The post you reference shows that you can do an unweighted average. There is no reason to do a weighted average in this context. Put a different way, the post you link to is showing how to compute the contrast of one group versus the average of two other groups, not how to adjust for perceived accuracy of one group versus the other. The average is very efficient, and there's no reason to think that an average based on 20 subjects is materially more accurate than one based on 15.

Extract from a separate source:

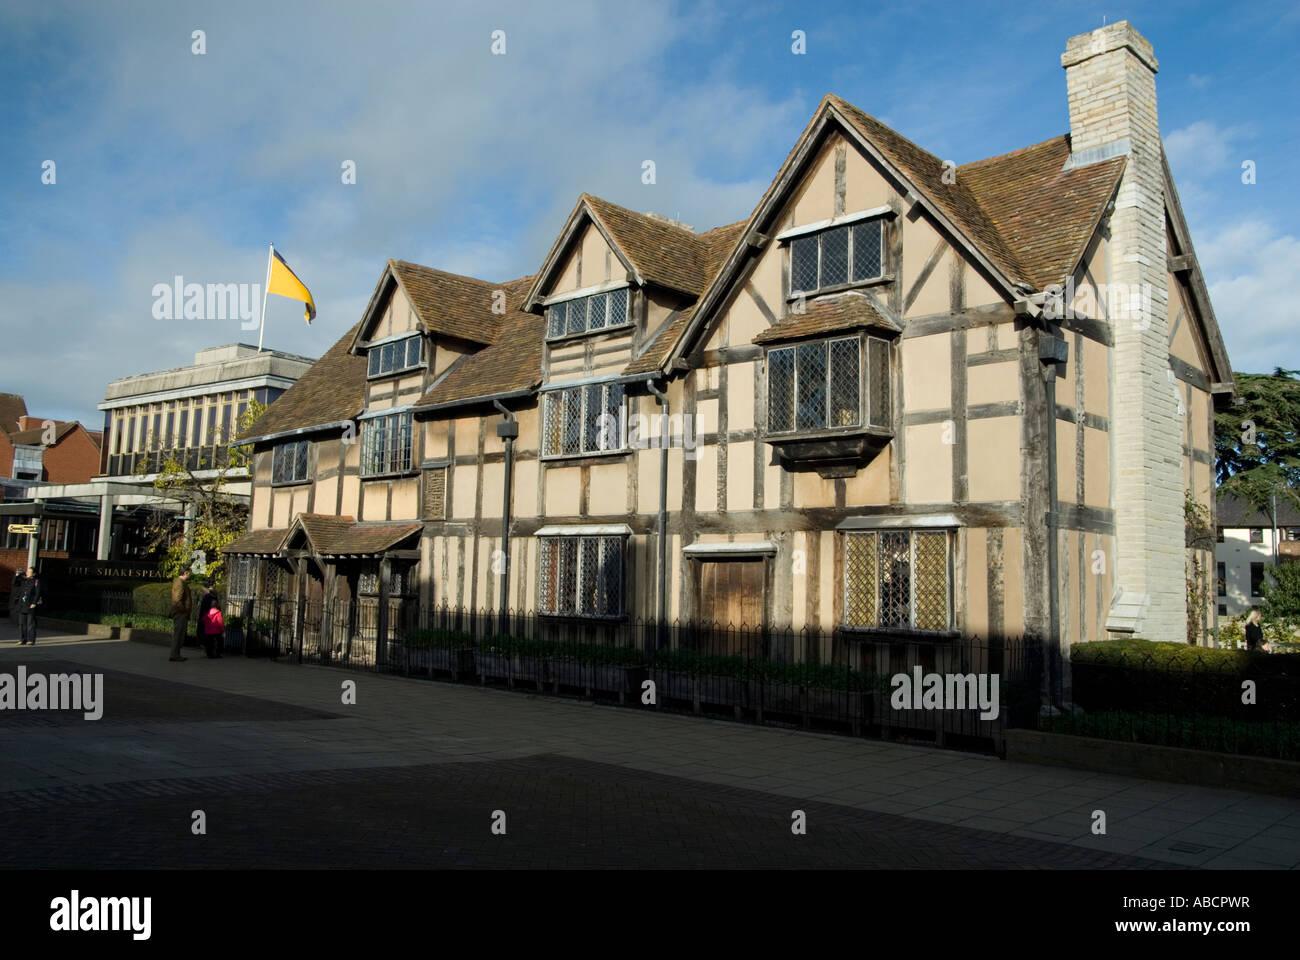 Shakespeare Birth Place In Windsor Street Stratford Upon Avon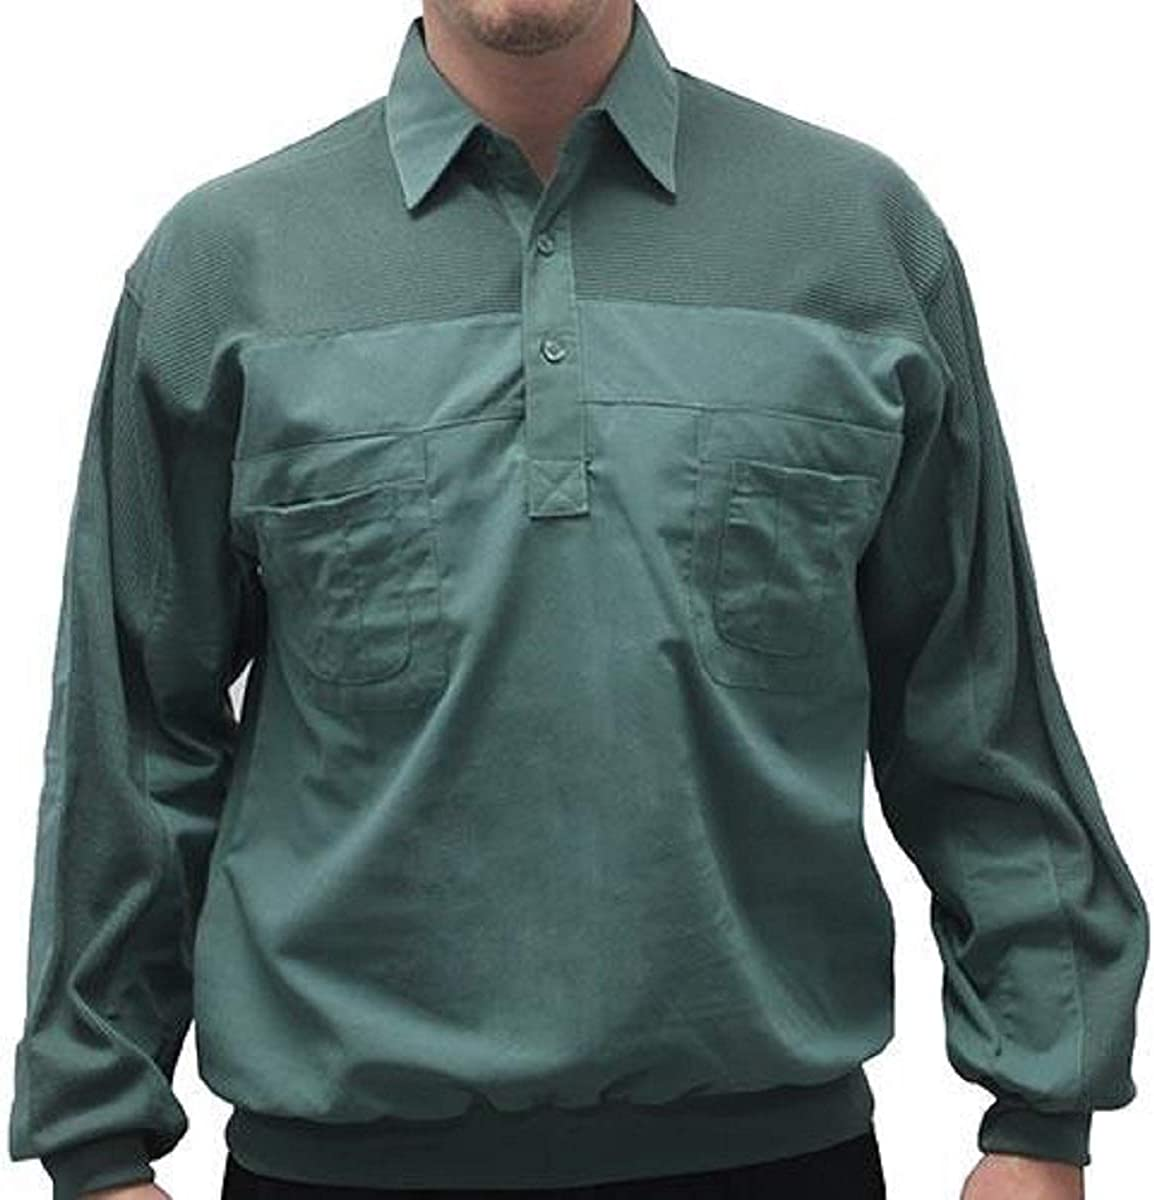 LD Sport 4 Pocket Long Sleeve Banded Bottom Shirt - 6097-200BT

The idea behind a mixed model is that the observations within a particular group are correlated and you want to account for that correlation structure in the model (statistical tests usually assume that all the observations are independent of each other). Even if the two tissues have very different expression levels, the correlation between all the tissues within a subject are likely to be high, and that's what you want to control for. And as I already mentioned, if you have complete observations for all subjects (you measure each tissue the same number of times for each subject), it's probably better to simply block on subject.
Thank you, I think I understand. I was thinking that because my subgroups are unequal in size (unlike in the post I linked to) the average should be weighted.
Sorry to keep dragging you back here, but I have one final query... do you think there is any benefit to contrasting the different time points in all the subjects, and in the alleleX-positive and negative patients separately, in the same model? I.e. rather than all this averaging expression business, I should just have one model that contrasts using a Tissue.Time interaction variable (a model that doesn't consider alleleX), and another model that contrasts using a Tissue.Time.AlleleX variable (a model which does consider alleleX positive and negative subjects separately) ?
That's something you need to decide as the analyst. It may be that the allele affects very few, if any genes, in which case it's burning degrees of freedom to include it. Or maybe the allele is the main hypothesis?
You can always make the most specific coefficient and then average to get at less specific questions. In other words you could include the allele and then average time/treatment combinations that have different alleles to do the same thing as your first model.